Incluso cuando es un solo individuo el que adquiere esa propiedad o facultad importante para la conservación de la vida, esta es un bien común de toda la población, y eso también produce la mencionada aceleración de la evolución histórica que aparece en el mundo con el pensamiento conceptual del hombre. Los fenómenos de adaptación que hasta entonces requerían épocas geológicas pueden ahora efectuarse en un breve período de tiempo y en unas cuantas generaciones. Por encima de la lenta y, en comparación con el nuevo proceso, casi imperceptible filogénesis se superpone a partir de ese momento la historia, y sobre el acervo del genoma formado filogenéticamente se injerta la cultura, adquirida históricamente y trasmitida por la tradición.

Así como el uso de las armas y las herramientas y el dominio del mundo que al hombre procuran, el tercero y hermosísimo don del pensamiento conceptual acarrea peligros. Todas las conquistas culturales del hombre tienen un defecto mayúsculo, y es que solamente se refieren a propiedades y funciones modificables individualmente, por el aprendizaje. Ahora bien: muchas pautas innatas propias de nuestra especie no son de ese tipo; el ritmo de su mutabilidad en la evolución específica sigue siendo el mismo que el de cualquier otro carácter corporal, el mismo de todo devenir antes de que hiciera su aparición el pensamiento conceptual.

El comportamiento agresivo y la inhibición que impide matar no representan más que un caso particular entre tantos otros en que la rápida transformación de la ecología y la sociología humanas por el desarrollo cultural desequilibran mecanismos de comportamiento otrora filogenéticamente adaptados. Para explicar la función de la moral, que consiste en restablecer un equilibrio aceptable entre los instintos del hombre y las necesidades de un orden social que la cultura hizo evolucionar digamos primero unas palabras de los instintos sociales en general. Es opinión muy común, y la comparten algunos filósofos contemporáneos que todas las formas de comportamiento humano que sirven para el beneficio de la comunidad y no para el individual, están dictadas por un pensamiento racional, específicamente humano. Y no solamente esta opinión es falsa, sino que sucede exactamente lo contrario. Si el hombre no tuviera tan abundante dotación de instintos sociales, jamás hubiera podido elevarse por encima del mundo animal.
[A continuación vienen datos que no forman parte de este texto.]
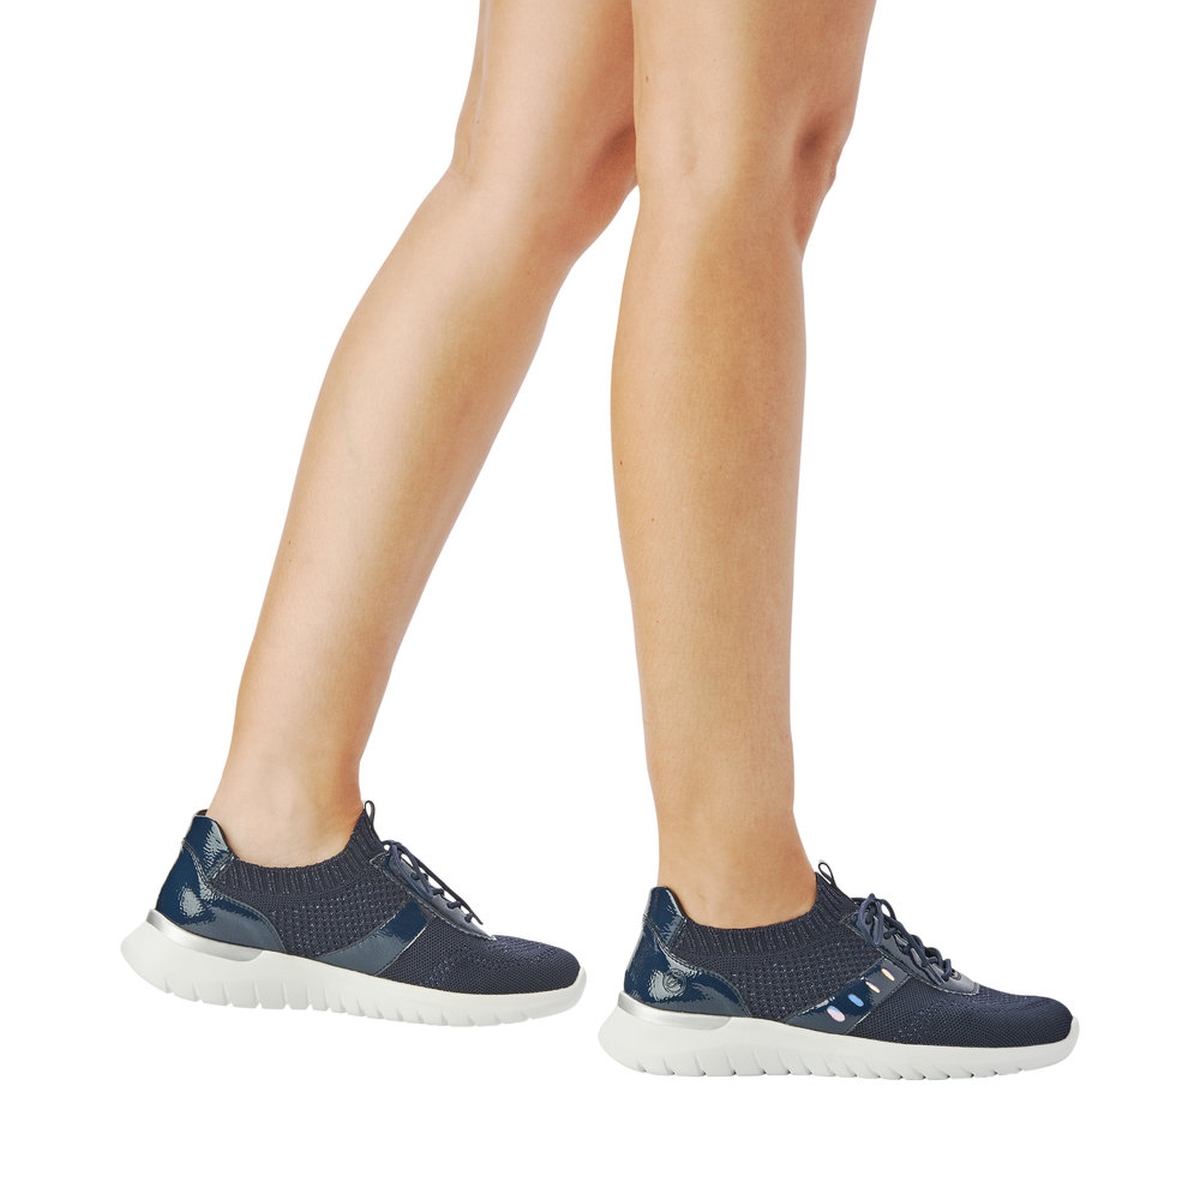 Remonte Sneaker - Dark blue Textile

Todas las facultades específicamente humanas, como el don del habla, la tradición, la responsabilidad moral, no han podido desarrollarse sino en un ser vivo y en sociedades bien organizadas, antes de los albores del pensamiento conceptual. Nuestro antepasado prehumano era ciertamente para su amigo tan leal como un chimpancé y aun un perro lo son para los suyos, era tierno con los pequeñuelos y les prodigaba cuidados; defendía su comunidad con peligro de su vida. Todo esto millones de años antes de que tuviera un pensamiento conceptual y pudiera darse cuenta de lo que hacia.
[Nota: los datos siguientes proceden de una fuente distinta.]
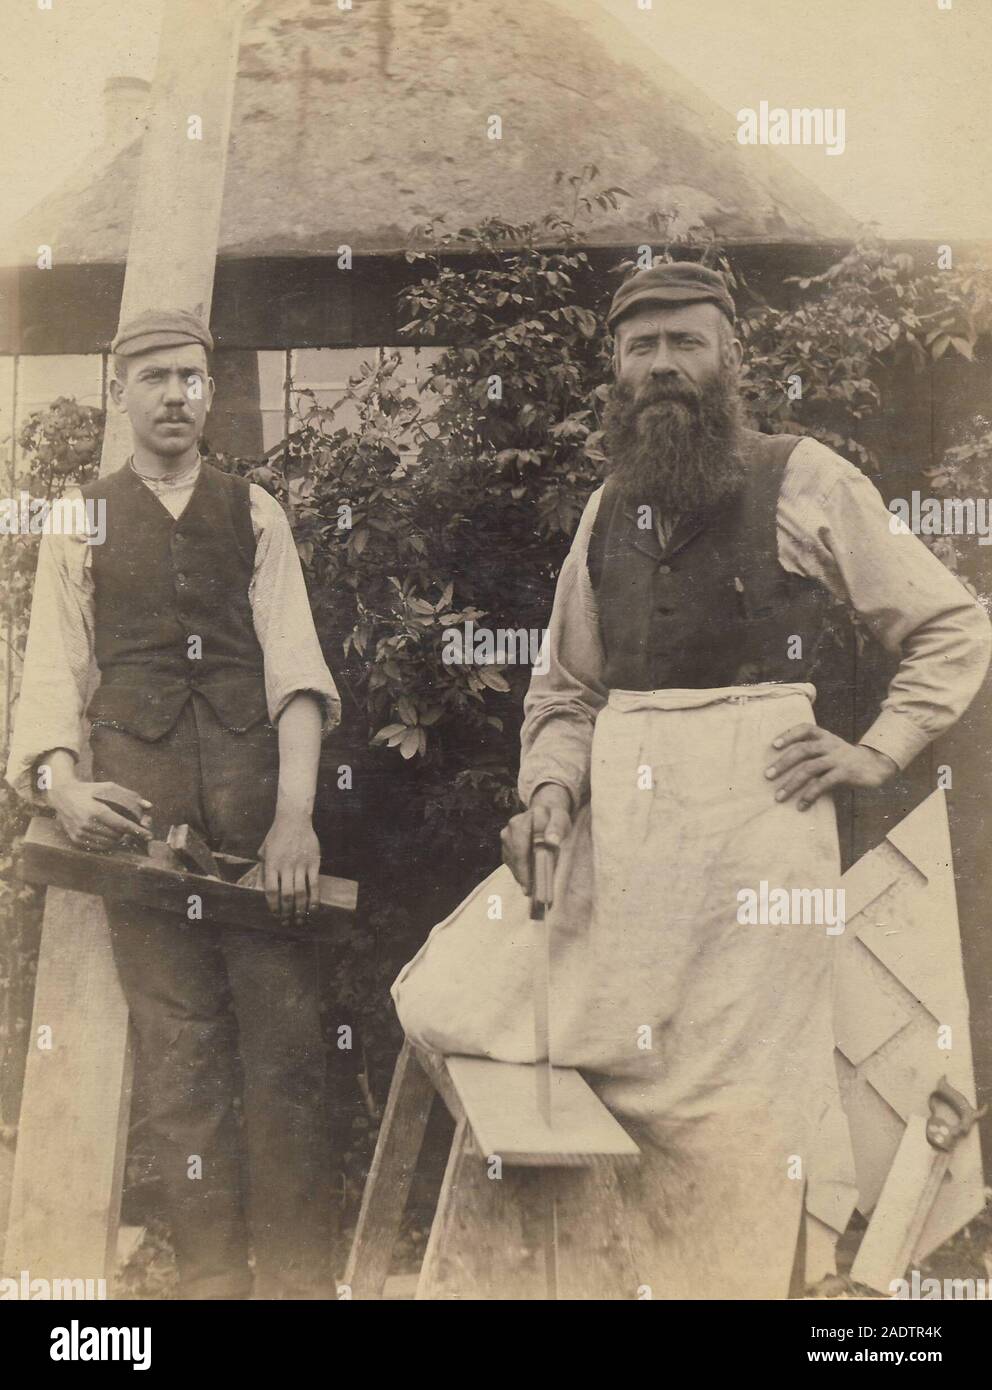 Archivio storico immagine di falegnami con strumenti, Edwardian, c1900s Foto Stock

Según nos enseña Kant a propósito de la moral, es la razón humana (Vernunft) la única que tiene el imperativo categórico («debes hacer») como respuesta a la pregunta que el ser razonable se plantea a sí mismo a propósito de las posibles consecuencias de tal o cual acción. Pero es dudoso que sea «razón» la traducción acertada del Vernunft usado por Kant, porque esa palabra también tiene la acepción de sentido común y de capacidad de entender y apreciar a otro ser «razonable». Para Kant es evidente que un ser razonable no puede desear un daño a otro, ser razonable. Esta aceptación inconsciente de lo que el considera sin duda axiomático es el punto flaco de la brillante armadura de pura racionalidad de este gran filósofo. Por esa fisura se cuela en sus consideraciones la afectividad o emoción, que siempre implica una necesidad instintiva, y las hace más aceptables de lo que de otro modo serian para una mente orientada hacia la biología. Parece difícil de creer que un hombre se abstendría de realizar tal o cual acción a que una inclinación natural le empuja tan sólo porque se diera cuenta de que su realización implicaría una contradicción lógica. Para ello habría que ser un profesor alemán más inefable y más celoso amigo de la razón que el mismísimo Kant.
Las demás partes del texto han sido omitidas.